Harry Benjamin reported on the use of estradiol undecylate in transgender women in his book The Transsexual Phenomenon in 1966 and in a literature review in the Journal of Sex Research in 1967.

==Society and culture==
===Generic names===
Estradiol undecylate is the generic name of the drug and its INN and USAN. It is also spelled in some publications as estradiol unducelate and is also known as estradiol undecanoate. In German, it is known under a variety of spellings including as estradiolundecylat, östradiolundecylat, östradiolundezylat, oestradiolundecylat, oestradiolundezylat, and others. Estradiol undecylate is known by its former developmental code names RS-1047 and SQ-9993 as well.

===Brand names===
The major brand name of estradiol undecylate is Progynon Depot 100. It has also been marketed under other brand names including Delestrec, Depogin, Estrolent, Oestradiol D, Oestradiol-Retard Theramex, and Primogyn Depot [0,1 mg/ml], among others.

===Availability===
Estradiol undecylate was available in the Europe (including in France, Germany, Great Britain, Monaco, the Netherlands, Switzerland), and Japan. However, it has been discontinued and hence is no longer available.

==Research==
Estradiol undecylate was studied by Schering alone as an estrogen-only injectable contraceptive in premenopausal women at a dose of 20 to 30 mg once a month. It was effective, lacked breast and thromboembolic complications, lacked other side effects besides amenorrhea, and prevented ovulation for 1 to 3 months (mean 1.7 months) following a single dose. However, uterine growth of 1 to 2 cm was observed after one year, and endometrial hyperplasia was occasionally encountered. The preparation was not further developed as a form of birth control due to the risks of endometrial hyperplasia and cancer associated with long-term unopposed estrogen therapy.
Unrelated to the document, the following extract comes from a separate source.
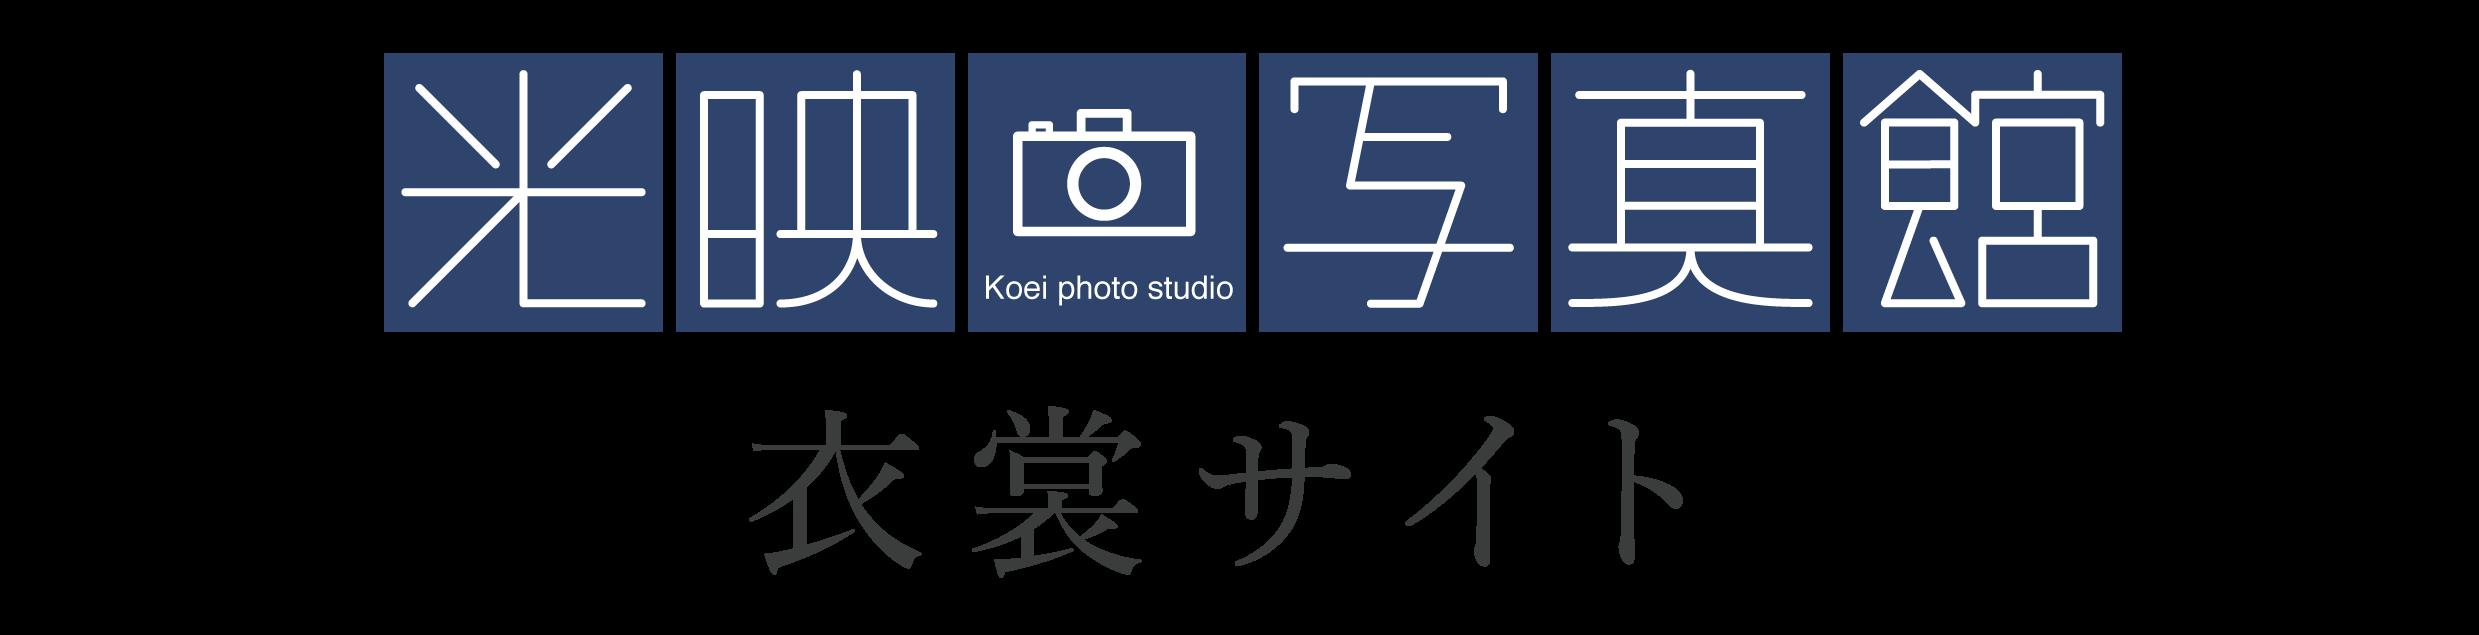 光映写真館衣裳サイト

Estradiol undecylate, in combination with norethisterone enanthate (at doses of 5 to 10 mg and 50 to 70 mg, respectively), was studied by Schering as a combined injectable contraceptive in premenopausal women and was found to be effective and well-tolerated, but ultimately was not marketed for this use.